PhotoU.S. consumers continue to run up household debt across nearly all sectors, according to a new report from the Federal Reserve Bank of New York.

The New York Fed measures borrowing for mortgages, student loans, credit cards, and auto loans, while keeping tabs on loan delinquencies. The report is designed to help community groups, small businesses, state and local governments, and the public understand and monitor how consumers are using debt.

As of September 30, 2015, consumer households owed a total of $12.07 trillion, a $212 billion increase from the second quarter of 2015. Overall household debt remains 5% below its peak of $12.68 trillion in the third quarter of 2008, just before the financial crisis.

Home loans account for most debt

Mortgage balances remain the biggest area of consumer debt, and this sector increased in the third quarter, to $8.26 trillion – up slightly from the second quarter. Interestingly, balances on home equity lines of credit (HELOC) went down by $7 billion, to $492 billion.
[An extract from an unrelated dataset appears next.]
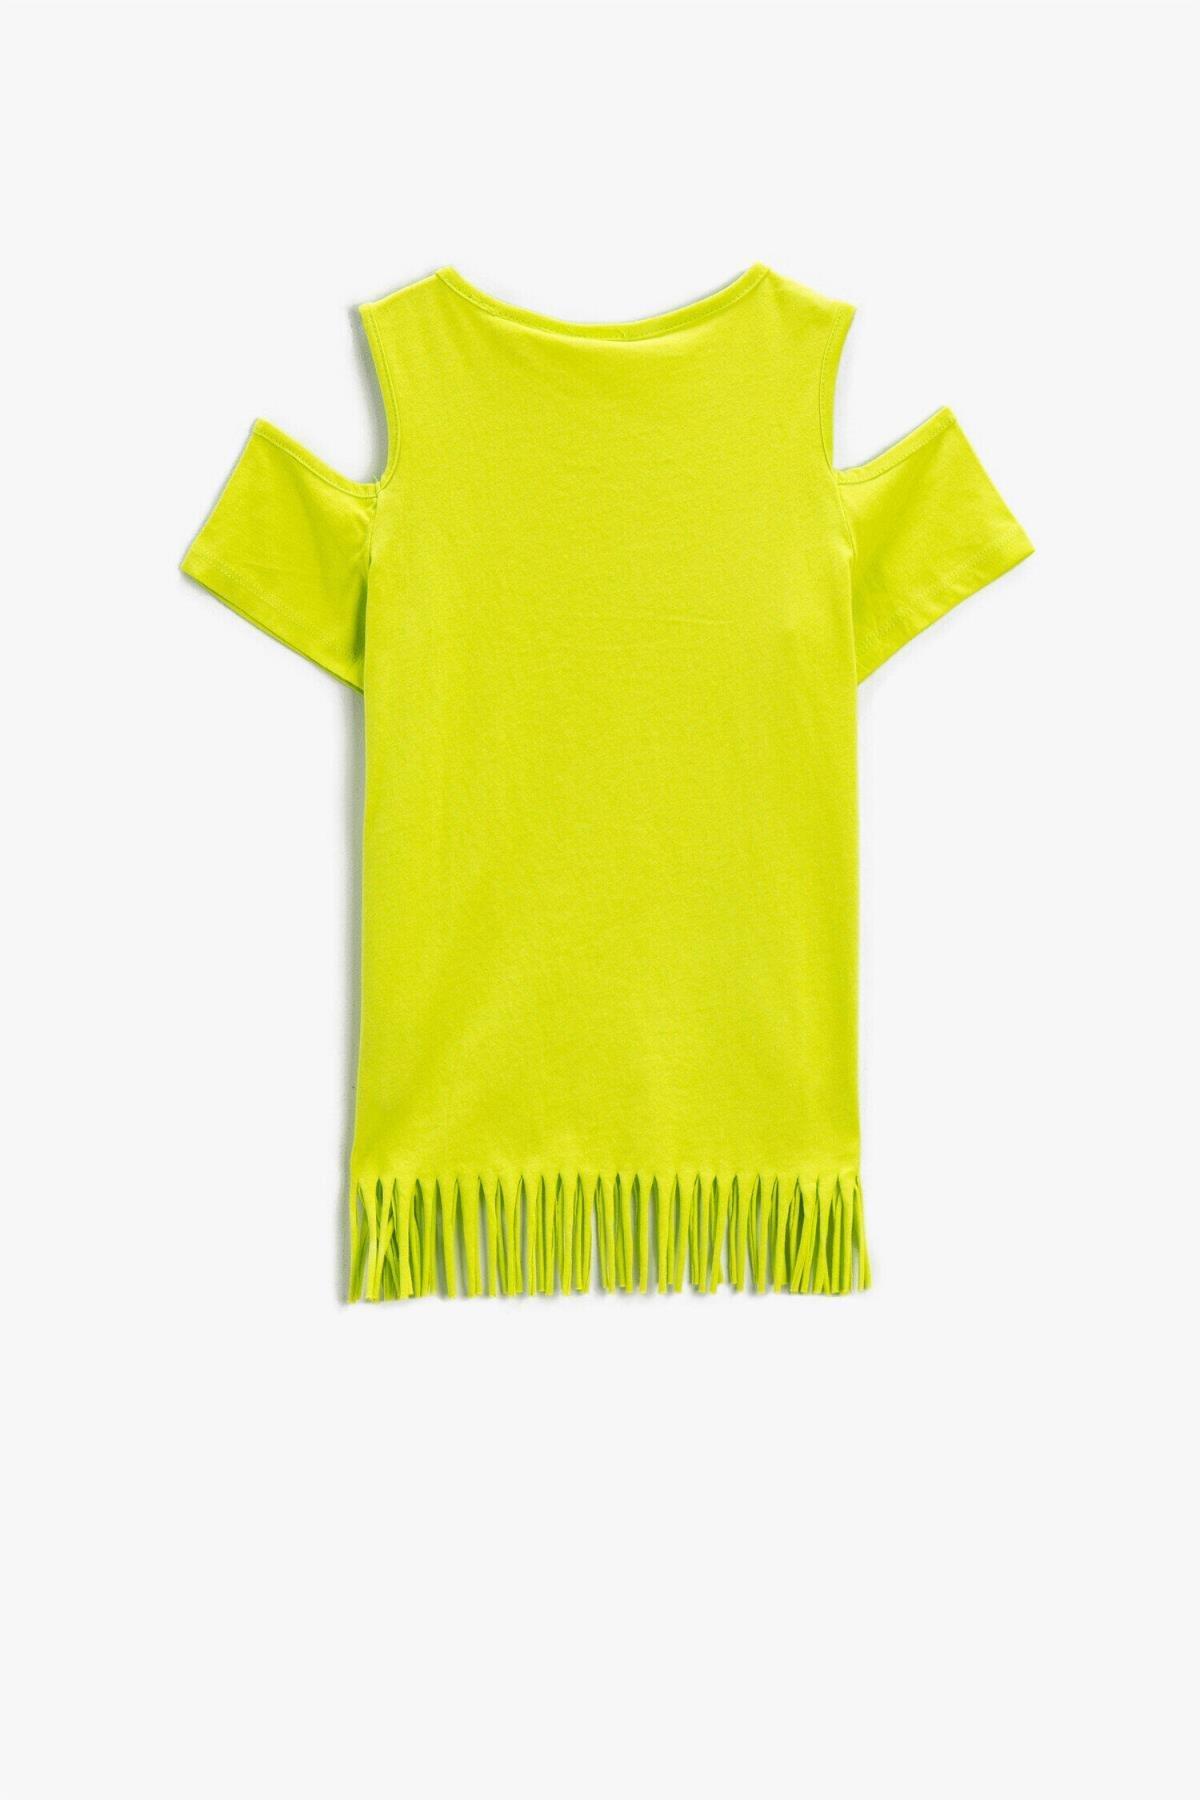 Koton - Yellow Printed Cotton T-Shirt

One area of debt may bear watching. Auto loan balances continued to climb, fueled by robust car sales and rising transaction prices. Outstanding car loan balances increased for the 18th straight quarter, rising $39 billion to $1.09 trillion.

New auto loans totaled $151 billion in the third quarter, with $33 billion of this amount taken out by consumers with credit scores below 620, meaning they fell into the subprime category. That's a 10-year high.
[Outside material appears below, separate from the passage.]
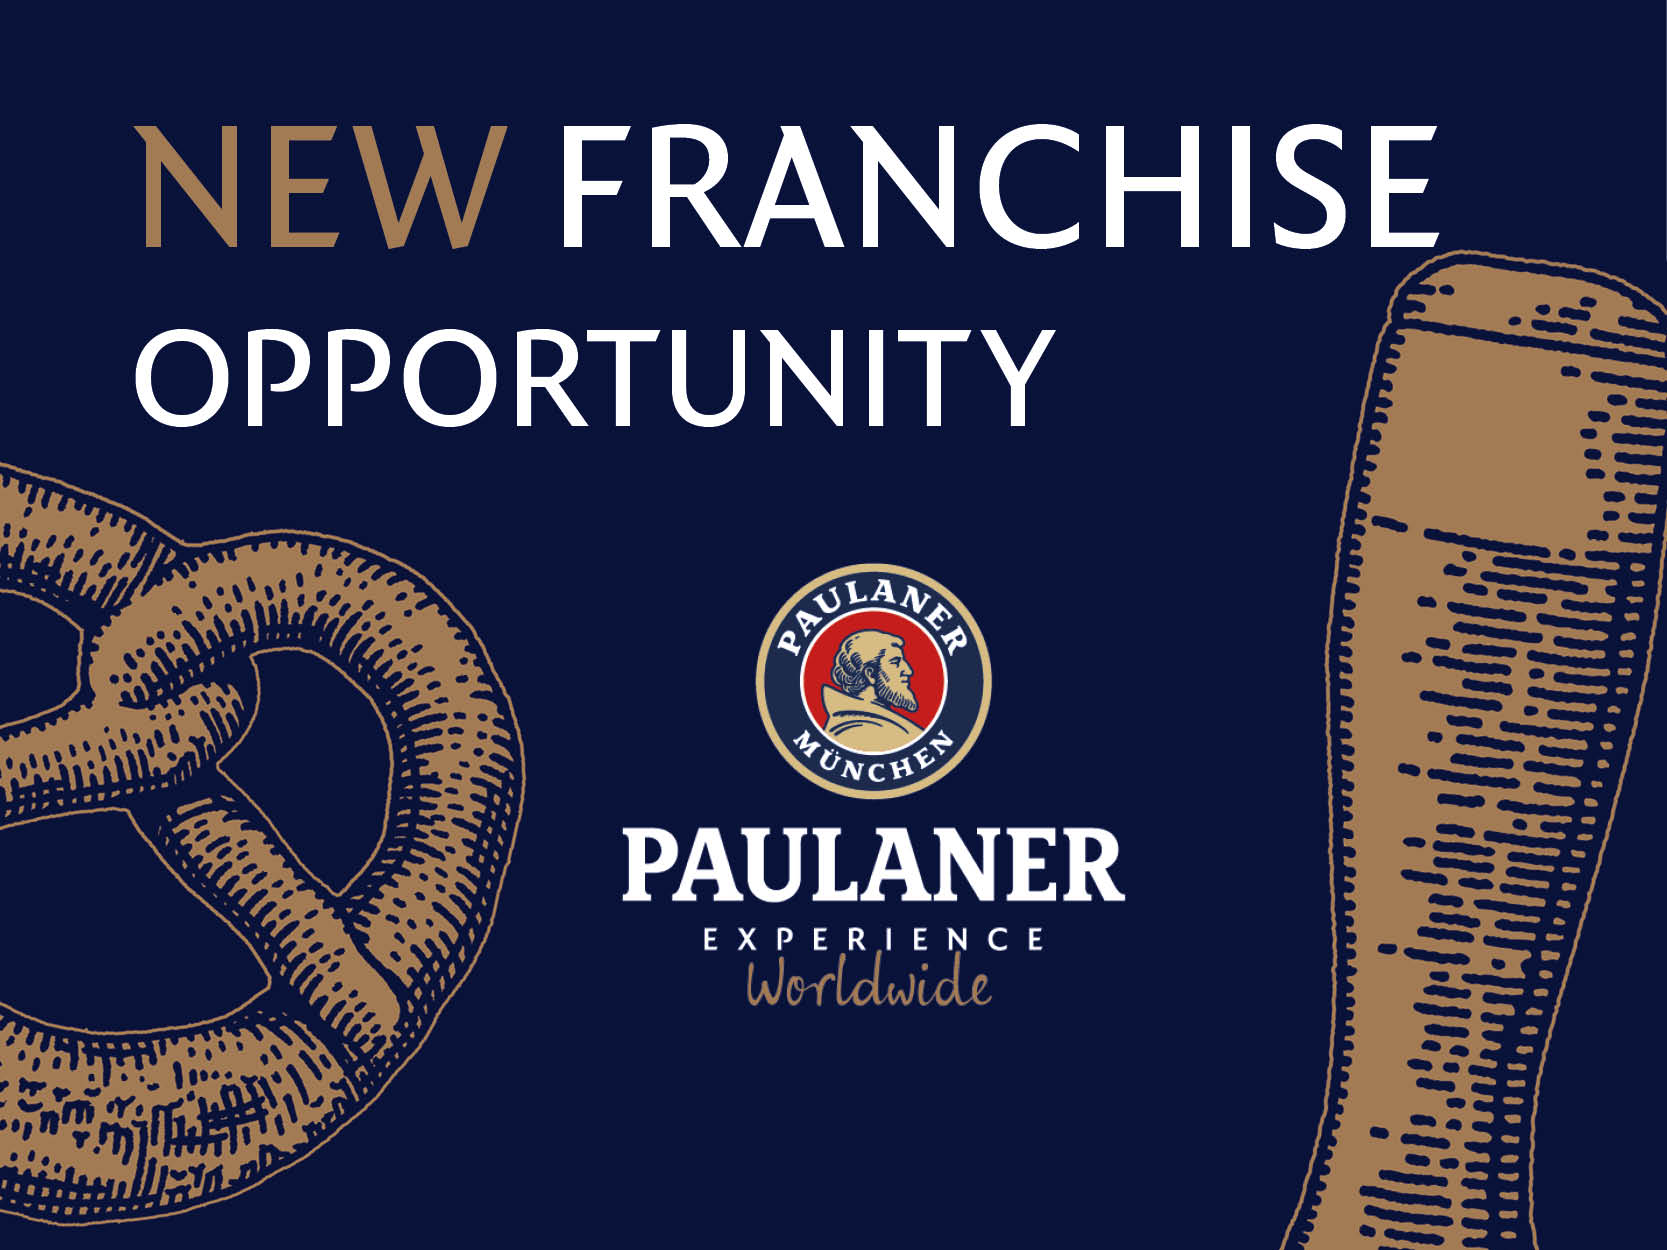 paulaner franchise opportunity cover photo

“The growth in auto loan balances and originations has been very robust,” said Donghoon Lee, research officer at the New York Fed. “Credit conditions have remained attractive for auto purchasers with both prime and subprime credit.”

Student loan debt rises faster than credit cards

Student loan debt also increased, but slowed from its recent pace. Student loan balances increased by $13 billion, a little faster than credit card debt, which rose $11 billion.

The news about delinquencies was mixed. On the bright side, home foreclosures hit a 17-year low. The percentage of mortgage loans 90 days or more overdue fell to 2.3%. The number of consumers with a bankruptcy notation added to their credit report fell 14%.

But on the student loan front, the report shows 11.6% of student loan debt is either 90 days overdue or in default.